EXERCISE DATA START

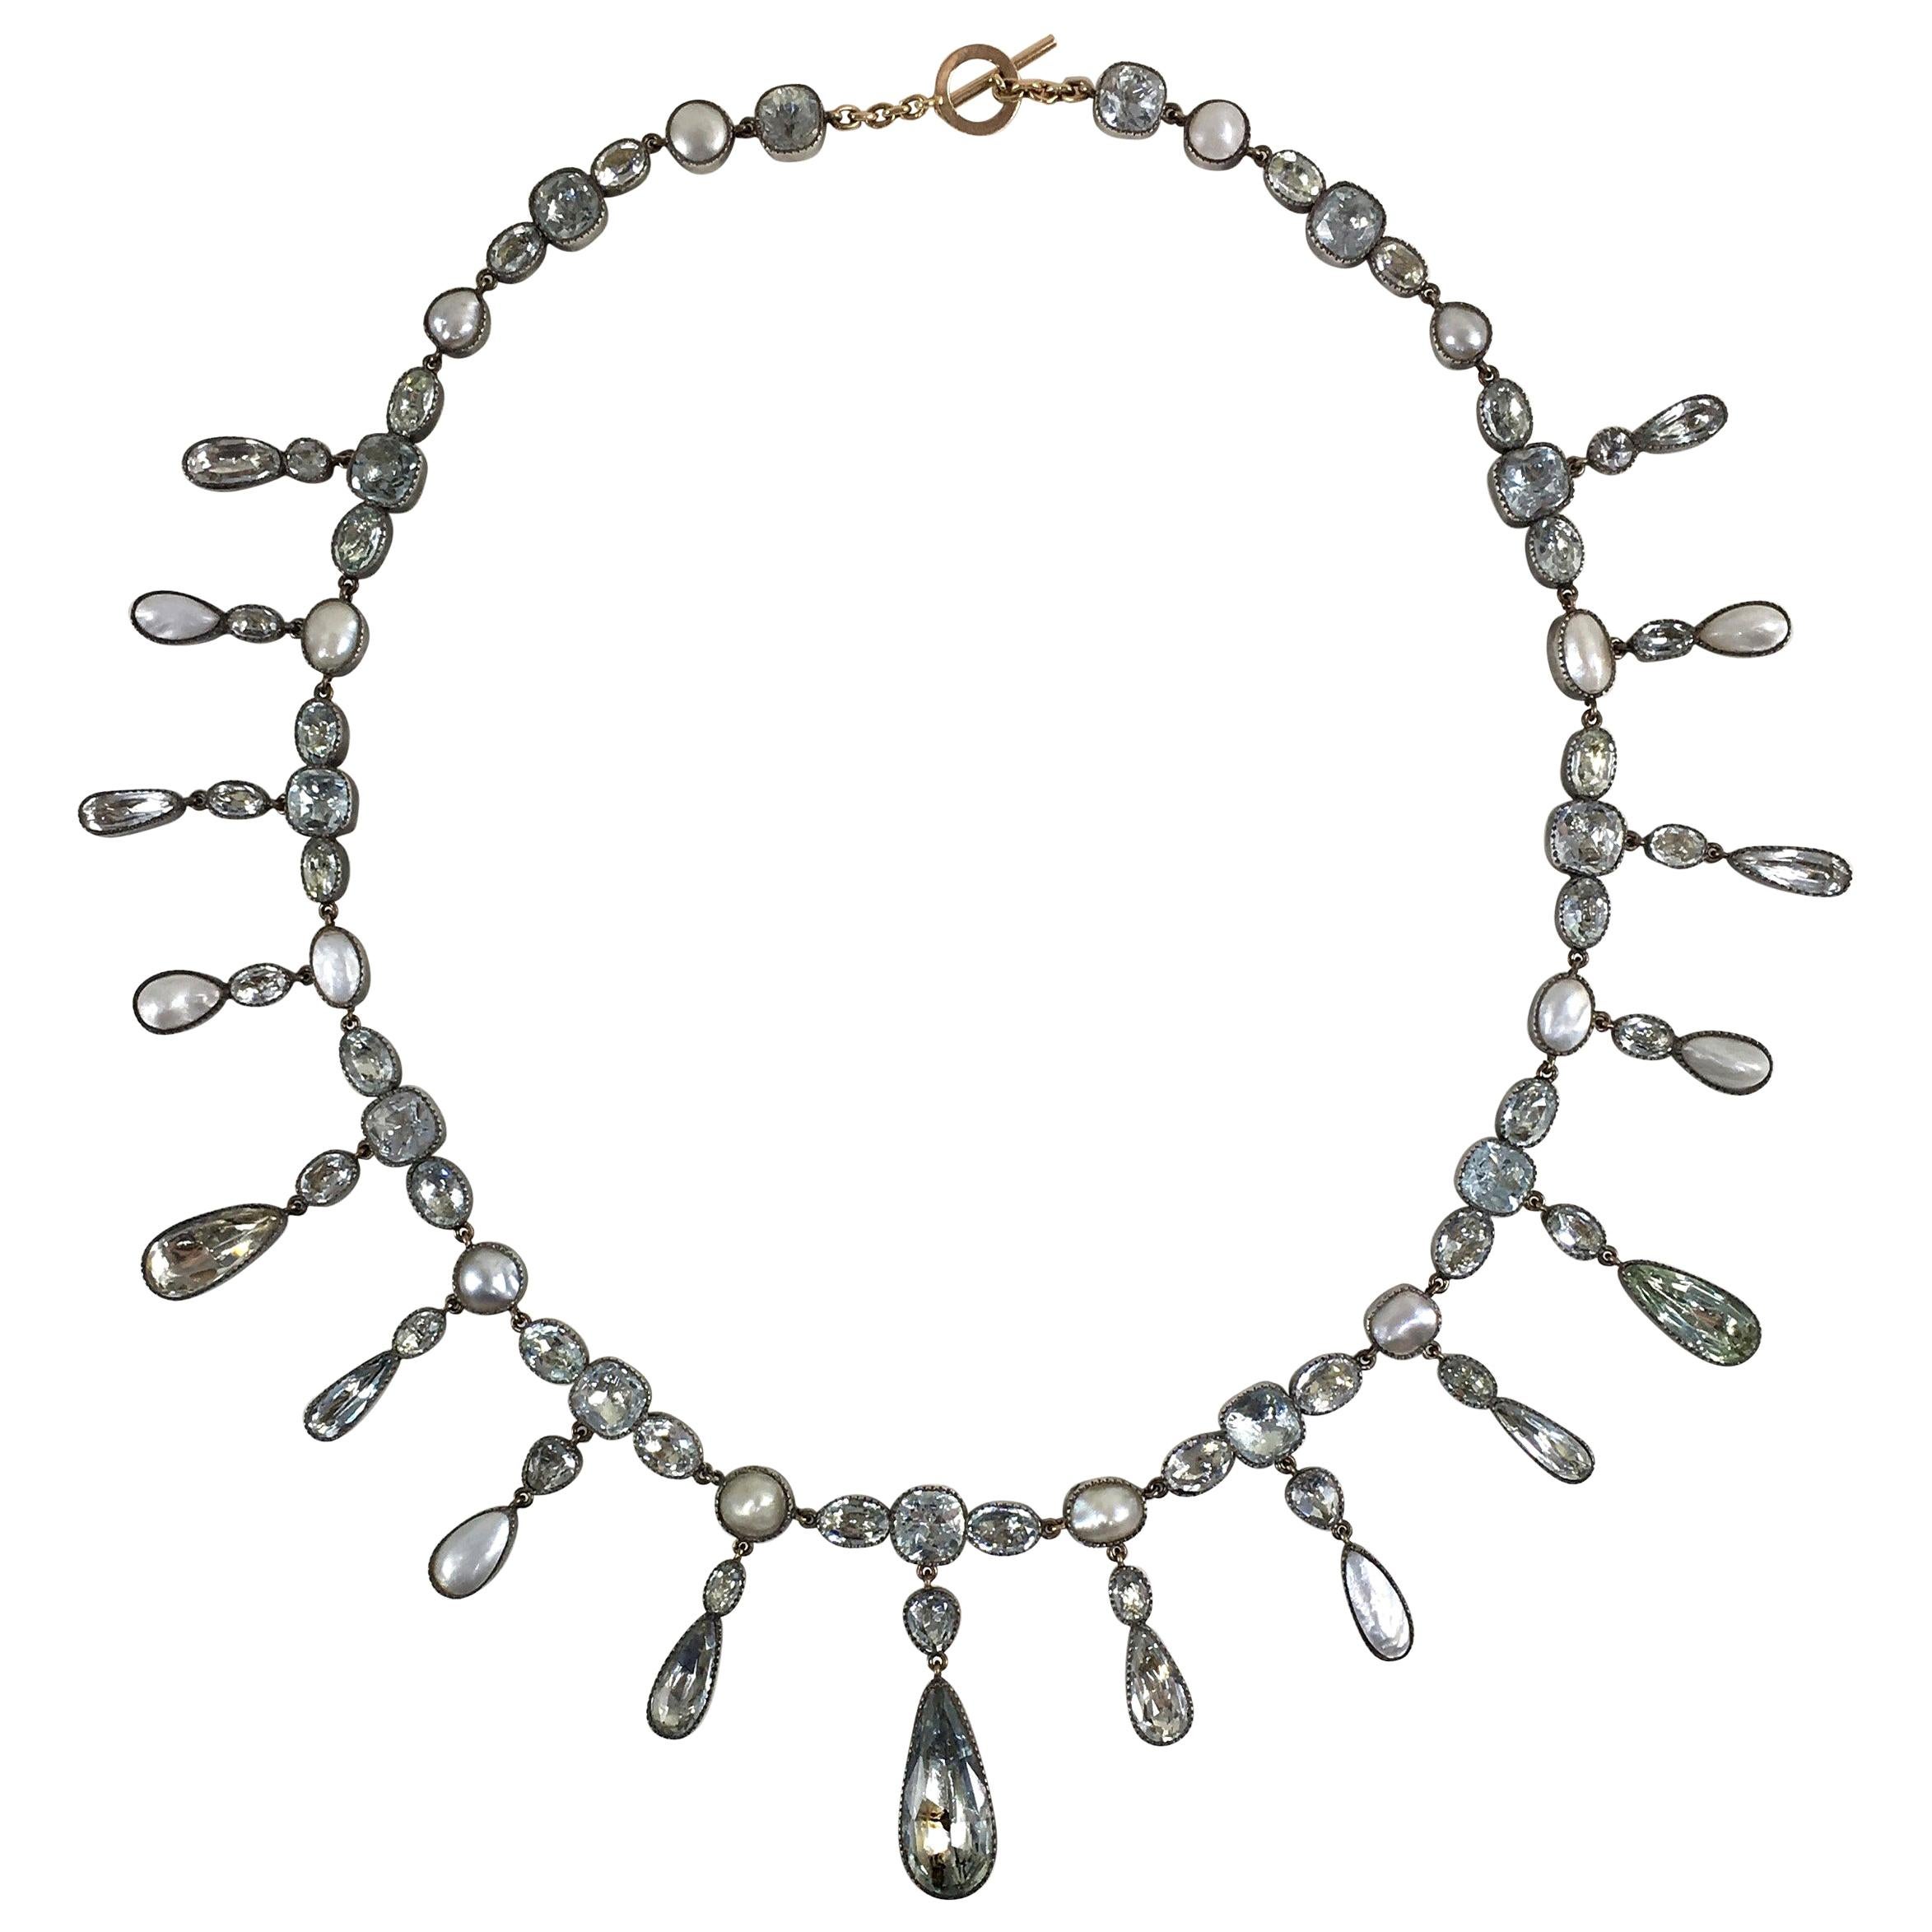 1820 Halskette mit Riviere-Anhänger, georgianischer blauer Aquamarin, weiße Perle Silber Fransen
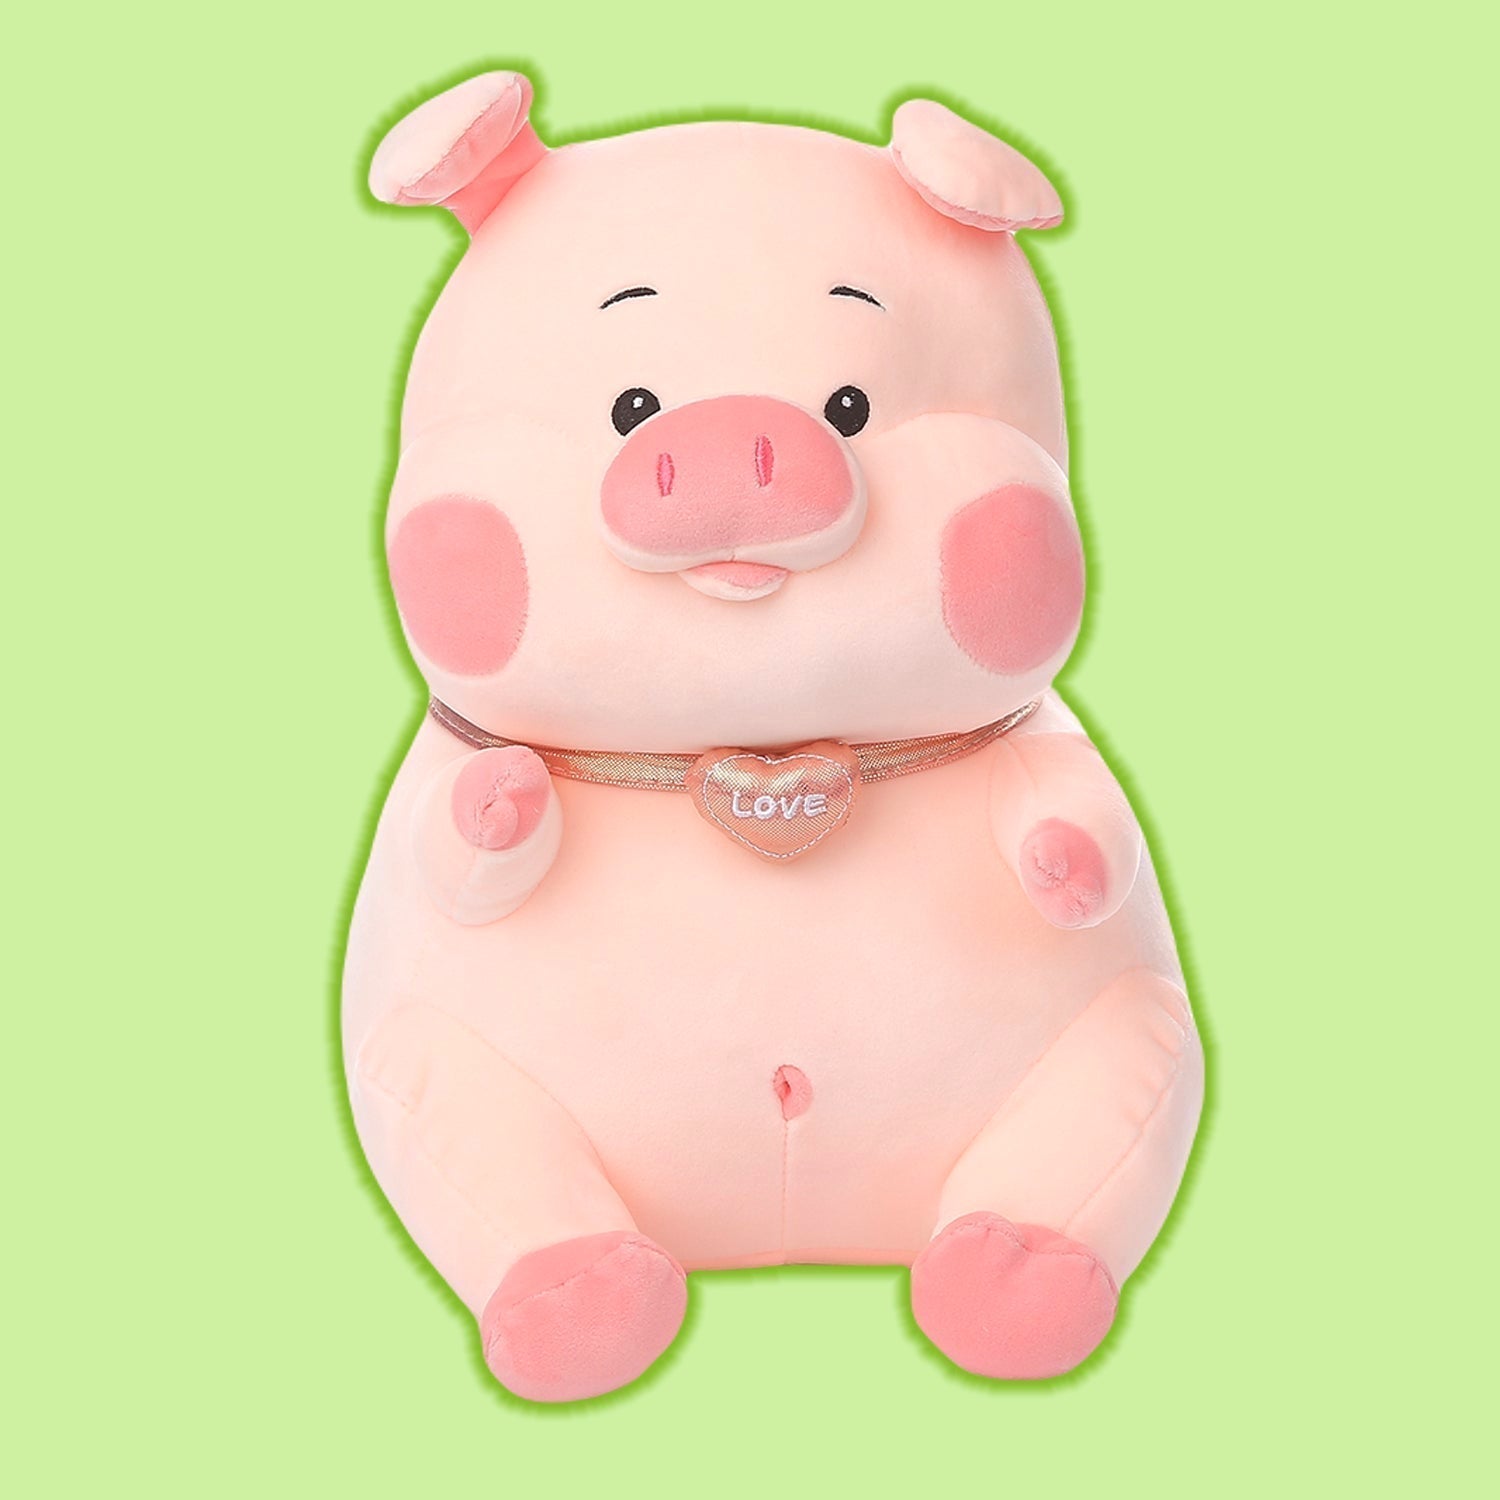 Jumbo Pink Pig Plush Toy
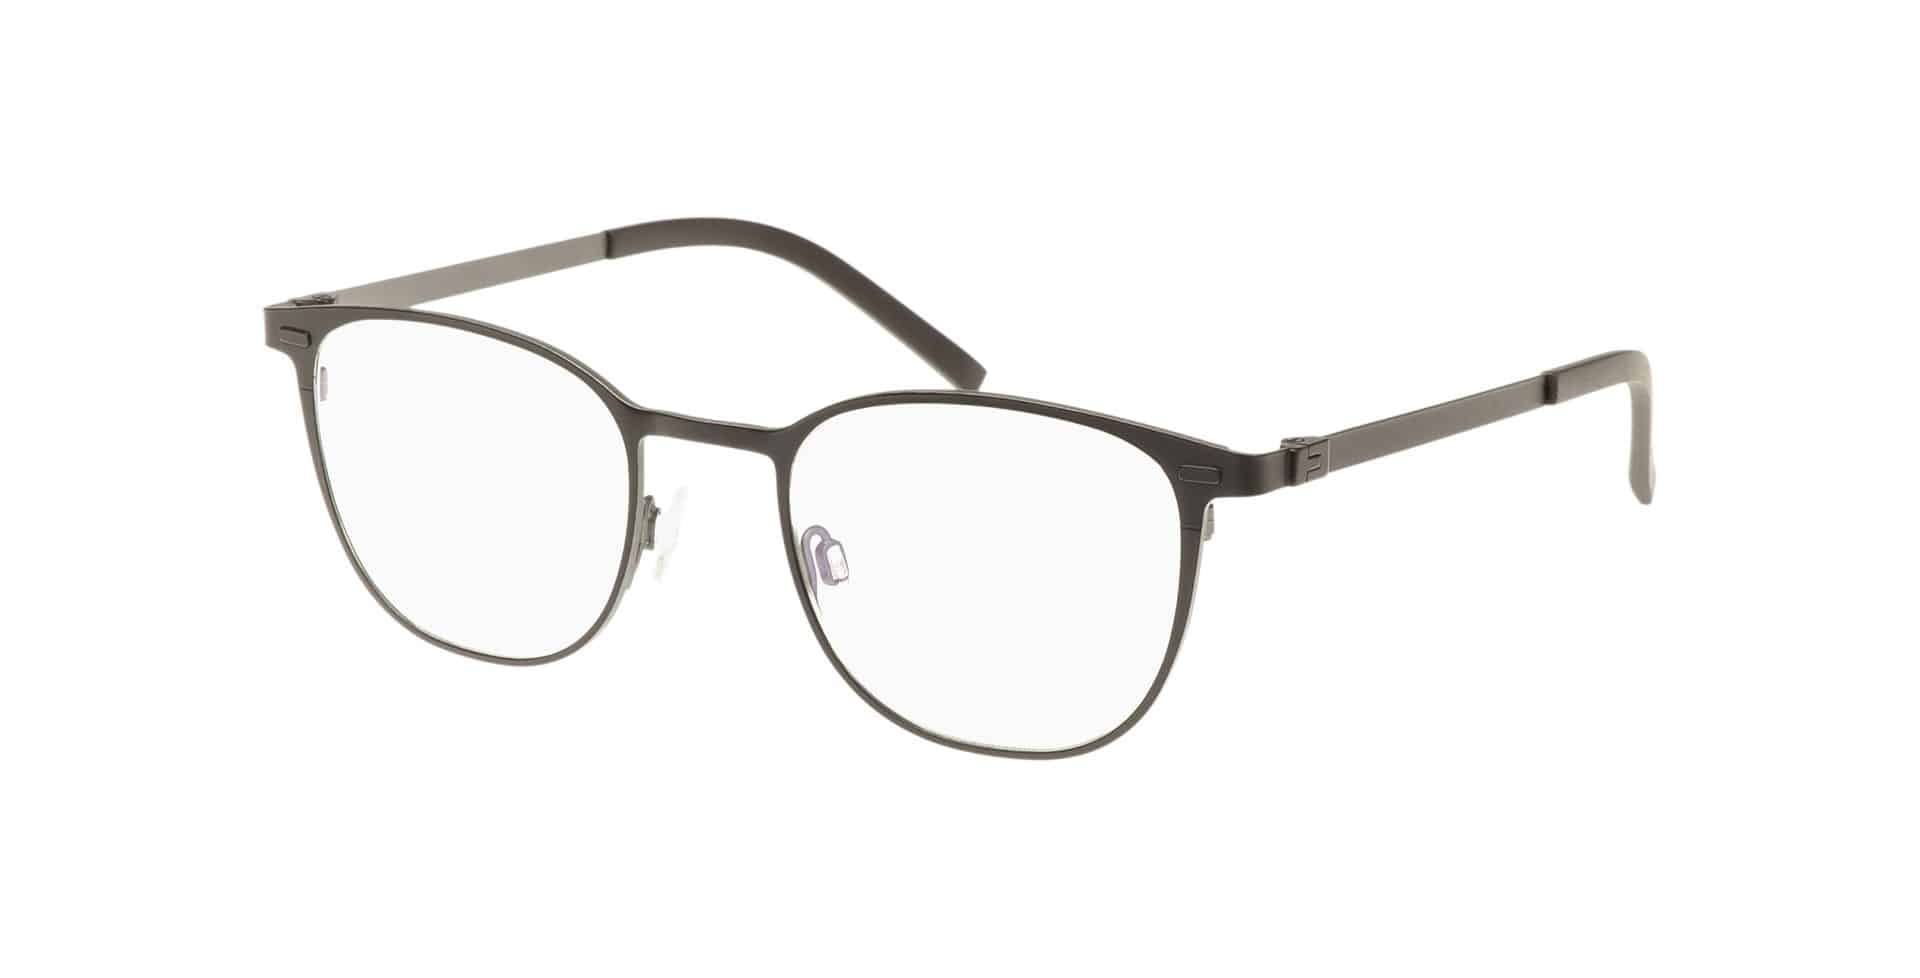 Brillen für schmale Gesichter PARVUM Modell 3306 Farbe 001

EXERCISE DATA END

EXERCISE AIM: Exact repetition of the material above is required, with the images removed.

SOLUTION:
 1820 Halskette mit Riviere-Anhänger, georgianischer blauer Aquamarin, weiße Perle Silber Fransen
 Jumbo Pink Pig Plush Toy
 Brillen für schmale Gesichter PARVUM Modell 3306 Farbe 001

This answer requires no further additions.